Jak Wami mija tydzień?
Pisałam Wam już że Tu w Niemczech słońca jak na lekarstwo na 3 tygodnie było tylko kilka pogodnych dni a tak to ciągle pada;/ Miałam nadzieję że trochę się opalę i zabrałam ze sobą:
Ziaja Masło kakaowe. Spray przyspieszający opalanie:
Informacja o produkcie:
Innowacyjny preparat przeznaczony do każdego rodzaju skóry. Przyspiesza proces opalania się skóry, poprawia jej naturalny koloryt, lekko natłuszcza i likwiduje poczucie szorstkości.
Zapobiega nadmiernej utracie wody.
Polecany szczególnie przed opalaniem, także w solarium, bez ograniczeń wieku.

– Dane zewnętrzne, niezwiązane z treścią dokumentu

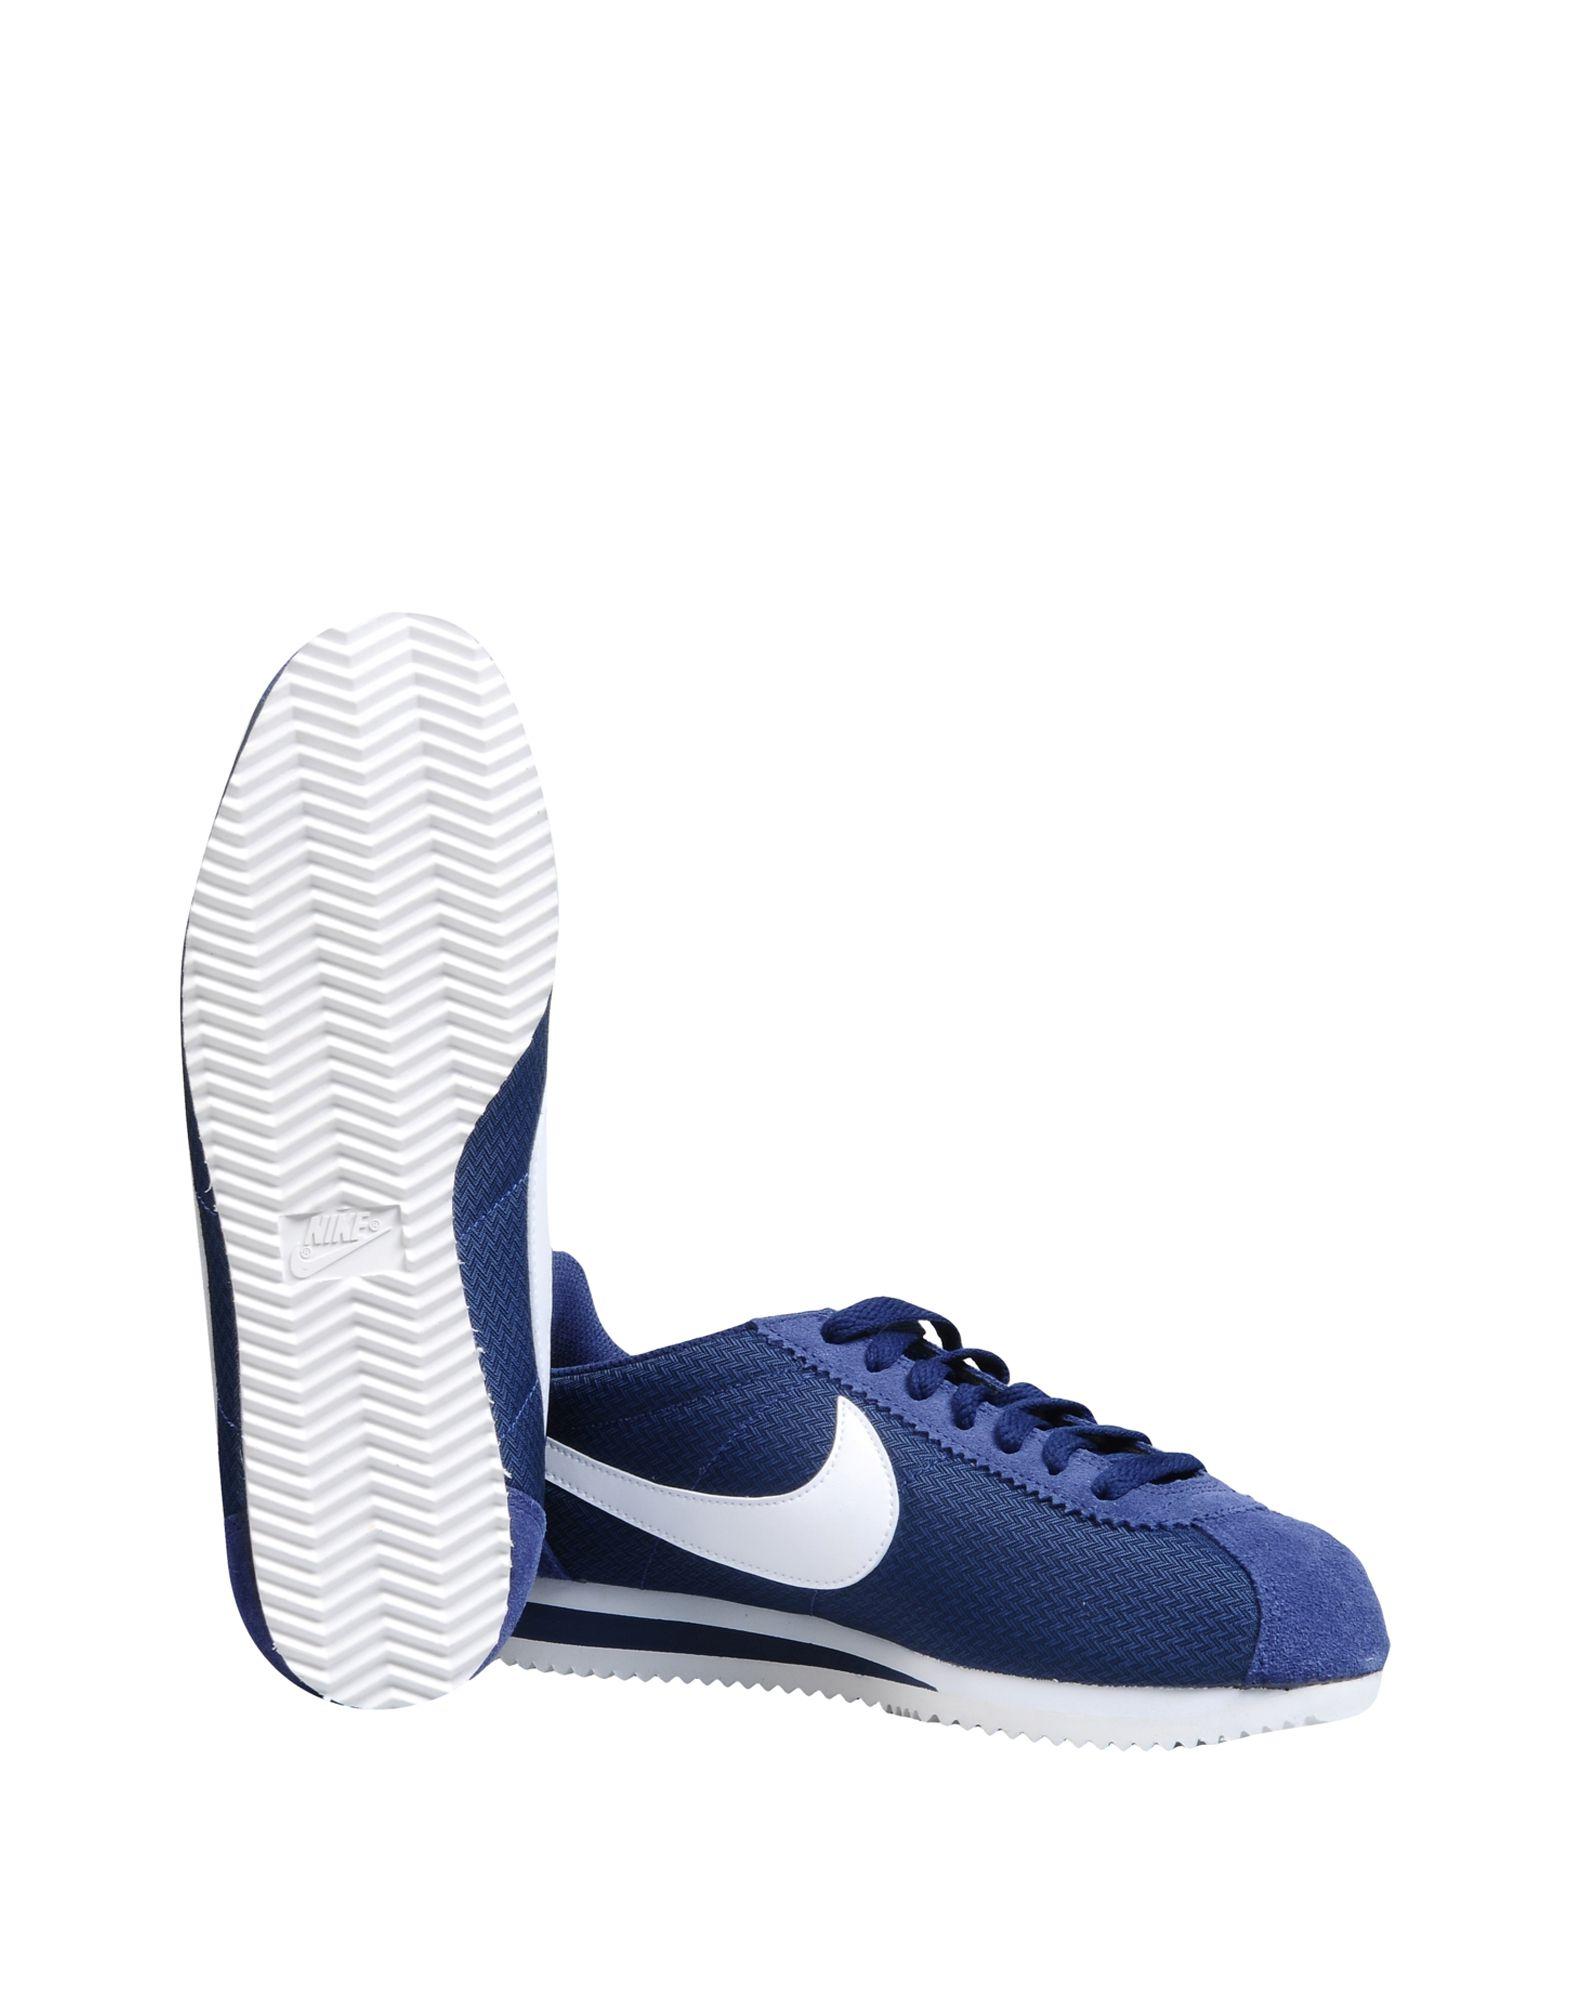 Sneakers Nike Wmns Classic Cortez Nylon - Femme - Sneakers Nike sur
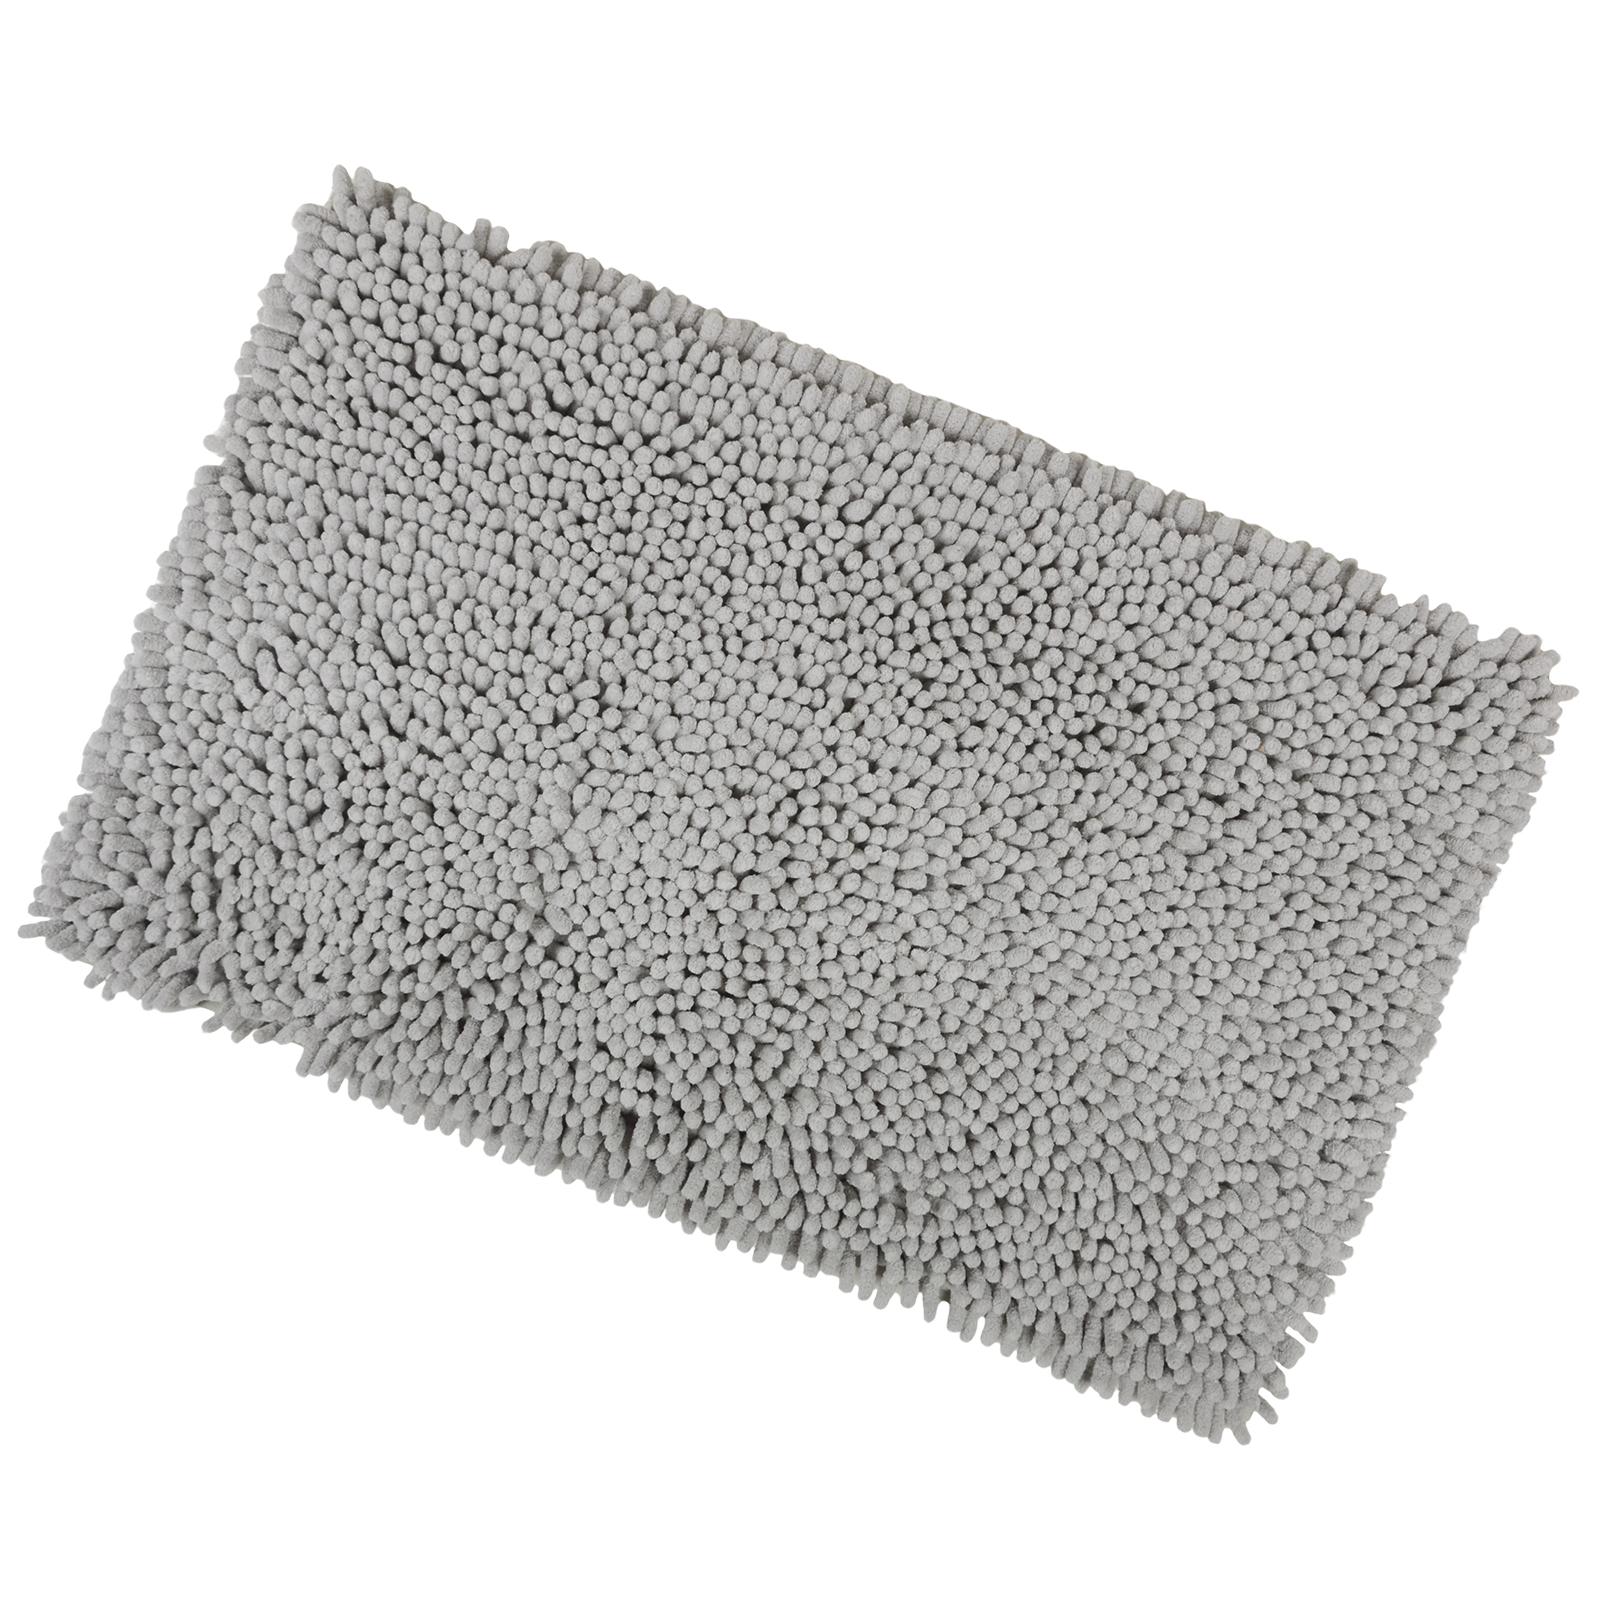 Gy Microfibre Bathroom Shower Bath Mat Rug Non

Substancje aktywne: Masło kakaowe, witamina E. ( źródło: wizaz.pl)
Skład:
Paraffinum Liquidum (Mineral Oil), Hexyl Laurate, Cyclomethicone, Theobroma cacao (Cocoa), Seed Butter, Tocopheryl Acetate, Parfum (Fragrance)
Moja opinia:
Plusy:
- faktycznie przyspiesza opalanie
- opakowanie z atomizerem, proste i ładne
- wygodna aplikacja wystarczy popsikać i rozsmarować
- nie wysusza
- po użyciu skóra wygląda bardzo ładnie jest błyszcząca i miękka
- piękny zapach
- cena 10zł/100ml
Minusy:
- mało wydajny wystarczył mi na jakieś 10 użyć
- pozostawia tłustą warstwę
- podczas psikania buteleczkę trzeba trzymać prosto i jest to trochę uciążliwe
- brak jakiegokolwiek filtra
Podsumowując:
Używałam go będąc we Włoszech i chociaż opalałam się tylko kilka razy wróciłam brązowa. Wzięłam drugie opakowanie do Niemiec ale jeszcze nie miałam okazji go tu używać.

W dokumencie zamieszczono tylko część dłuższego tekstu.